What the interface looks like

Once installed you launch the UI with littlesnitch or by visiting http://localhost:3031/ — bookmark it or install the Progressive Web App. Chromium family browsers support PWA natively; Firefox users can get similar behavior with the PWA extension. The connections view lists current and past activity, shows what your rules and blocklists are stopping, and offers sorting and filters (by last activity, data volume, name) so oddballs jump out. There’s a traffic diagram with drag‑to‑zoom to focus on a time window; blocking a connection is literally a single click.

Rules, blocklists and formats

Blocklists let you cut off whole categories at once; Little Snitch downloads and updates them automatically. It accepts a handful of common formats — one domain per line, one hostname per line, /etc/hosts style, and CIDR ranges — but not wildcards, regex/glob patterns or URL lists. Popular lists like Hagezi, Peter Lowe, Steven Black and oisd.nl are mentioned as starting points. Note: the .lsrules format from macOS is not compatible with the Linux version. Rules go deeper than blocklists — target a specific process, port or protocol, and compose broad or narrow policies as you need.

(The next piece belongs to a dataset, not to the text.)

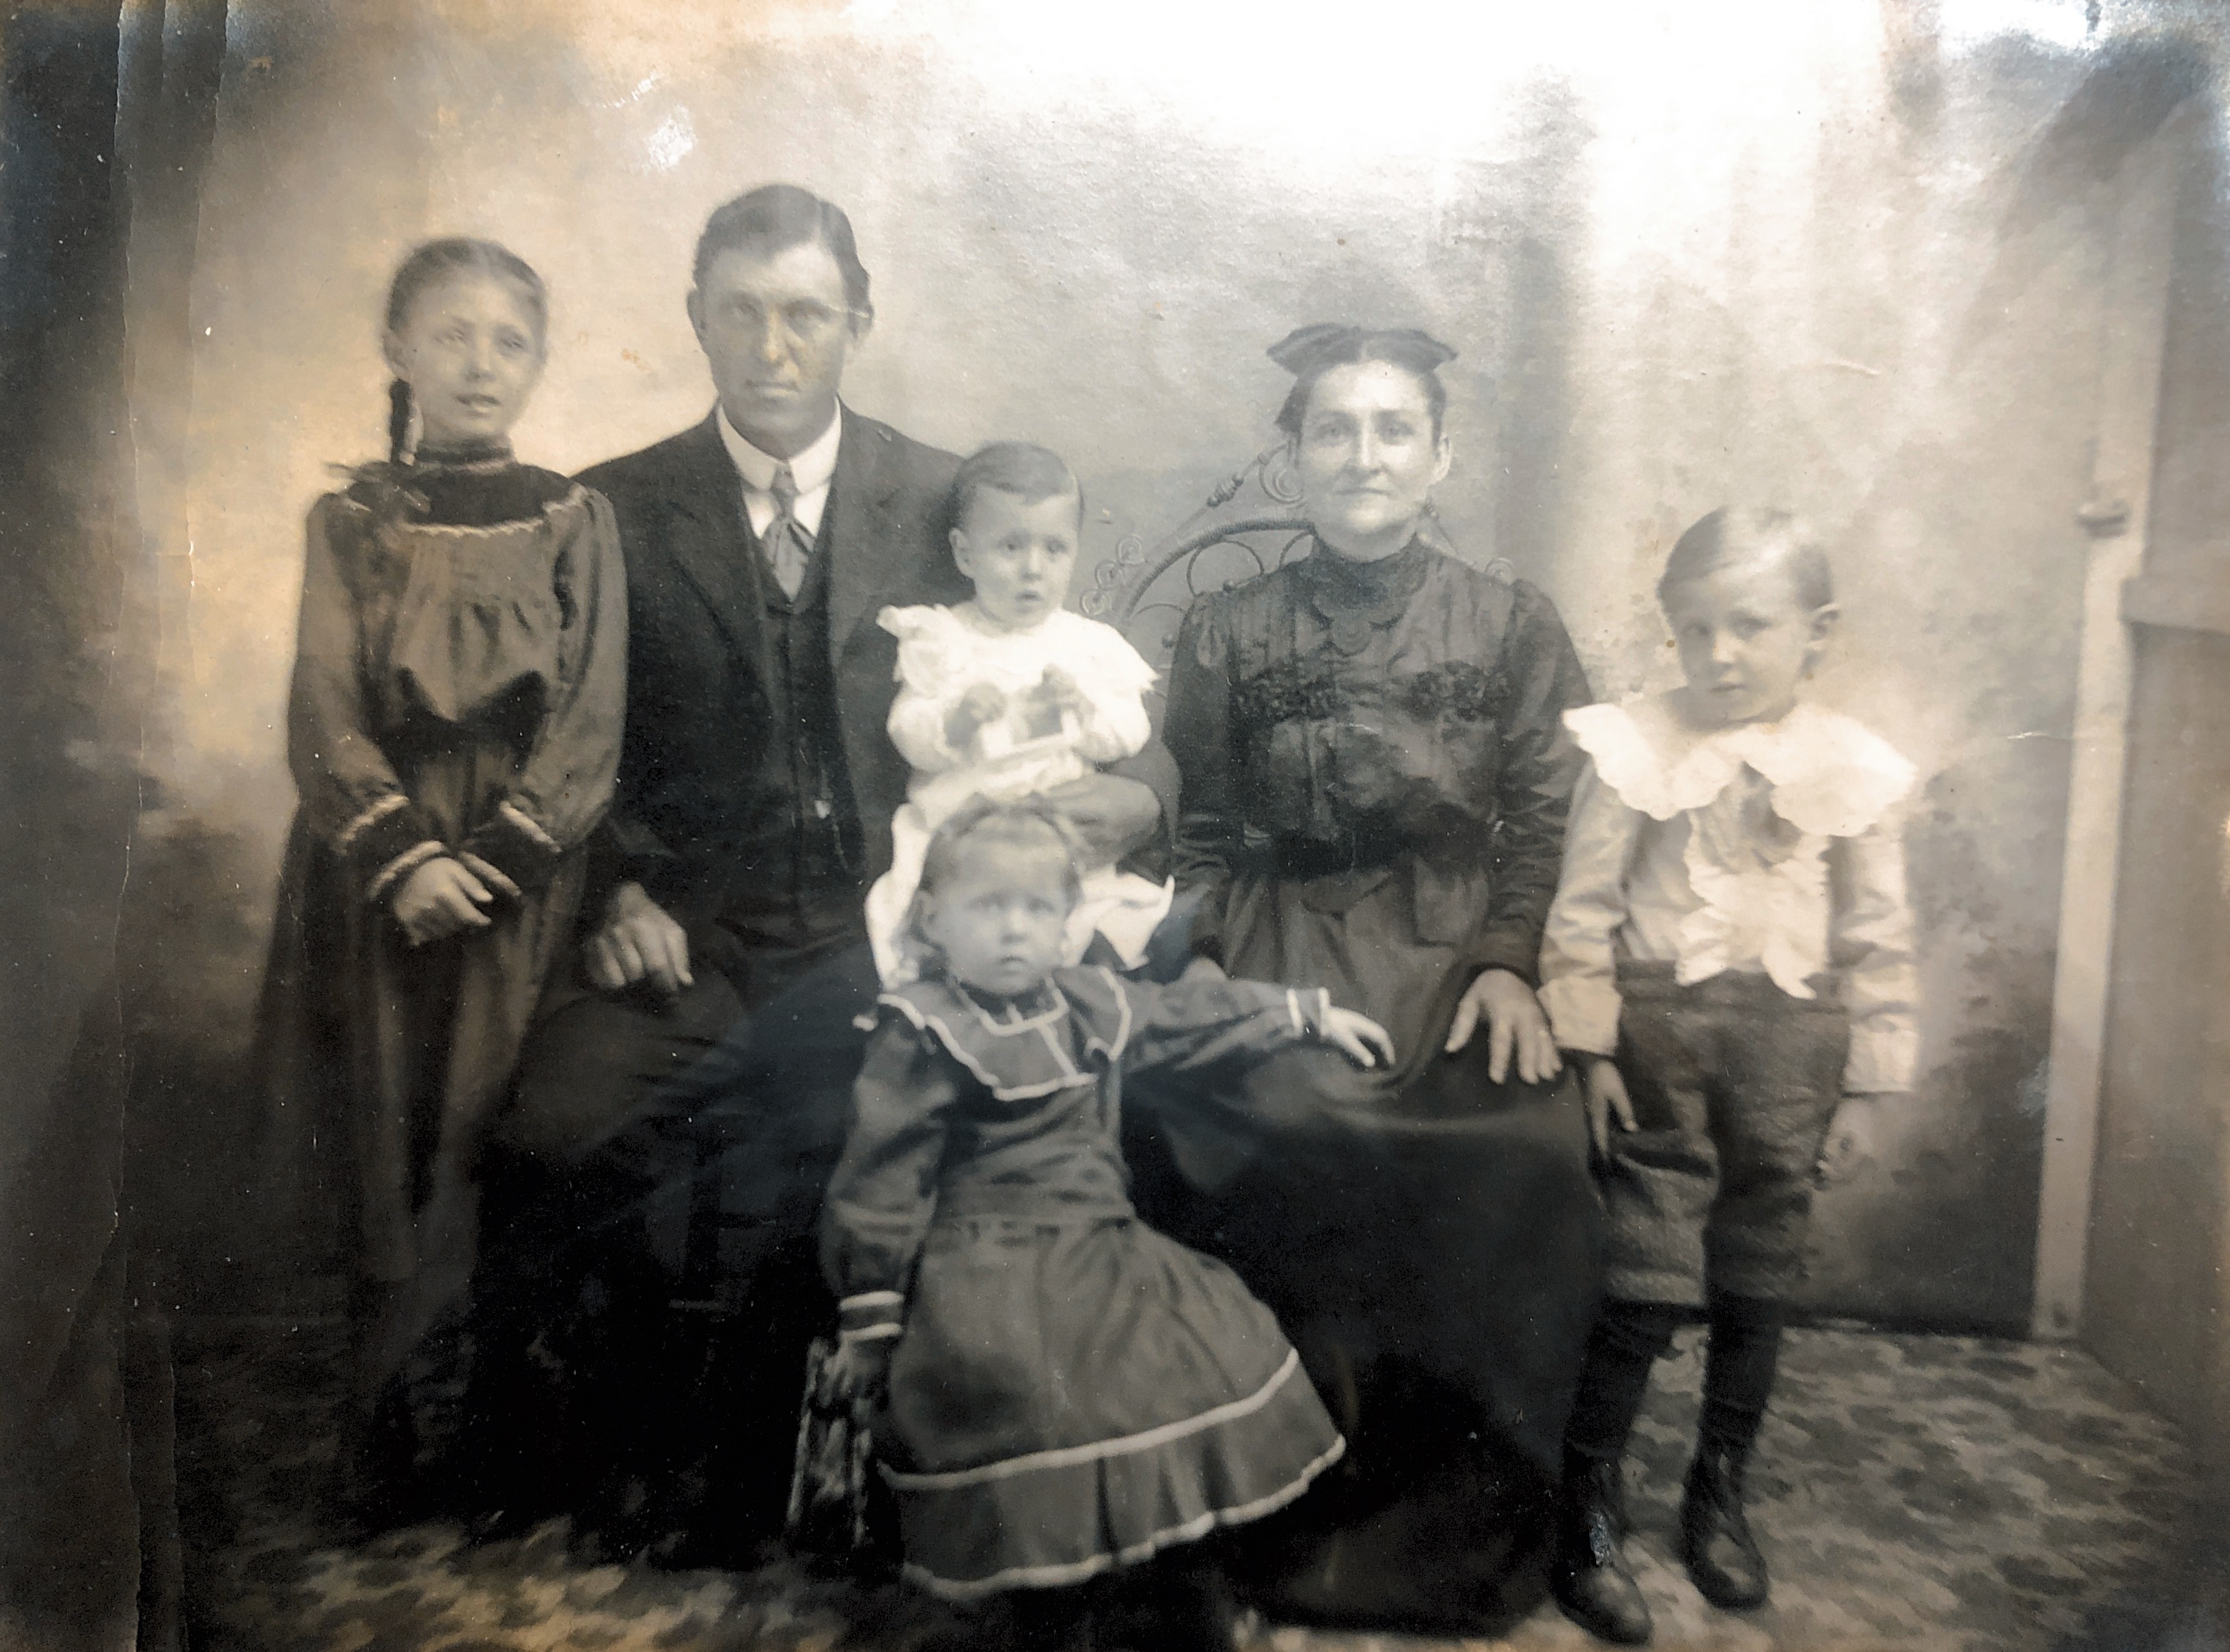 John William Bulow family, circa 1912

Under the hood and important caveats

Little Snitch hooks into the kernel using eBPF; an eBPF program watches outgoing connections, feeds a daemon that tracks stats and enforces rules, and the UI serves from that daemon. The source for both the eBPF program and the web UI is on GitHub, and advanced users can swap in their own builds. Default configs live in /var/lib/littlesnitch/config/ and you should place edits in /var/lib/littlesnitch/overrides/config/ so they persist. One big caveat: the web interface is open to any local process by default — a misbehaving app could, in theory, flip rules or disable filtering — so enable authentication if that worries you. Finally, remember the subtle but crucial line: this is a privacy tool, not a drop‑dead security fortress. eBPF is powerful but bounded, and Little Snitch for Linux is designed to inform and empower, not to be your last line of defense.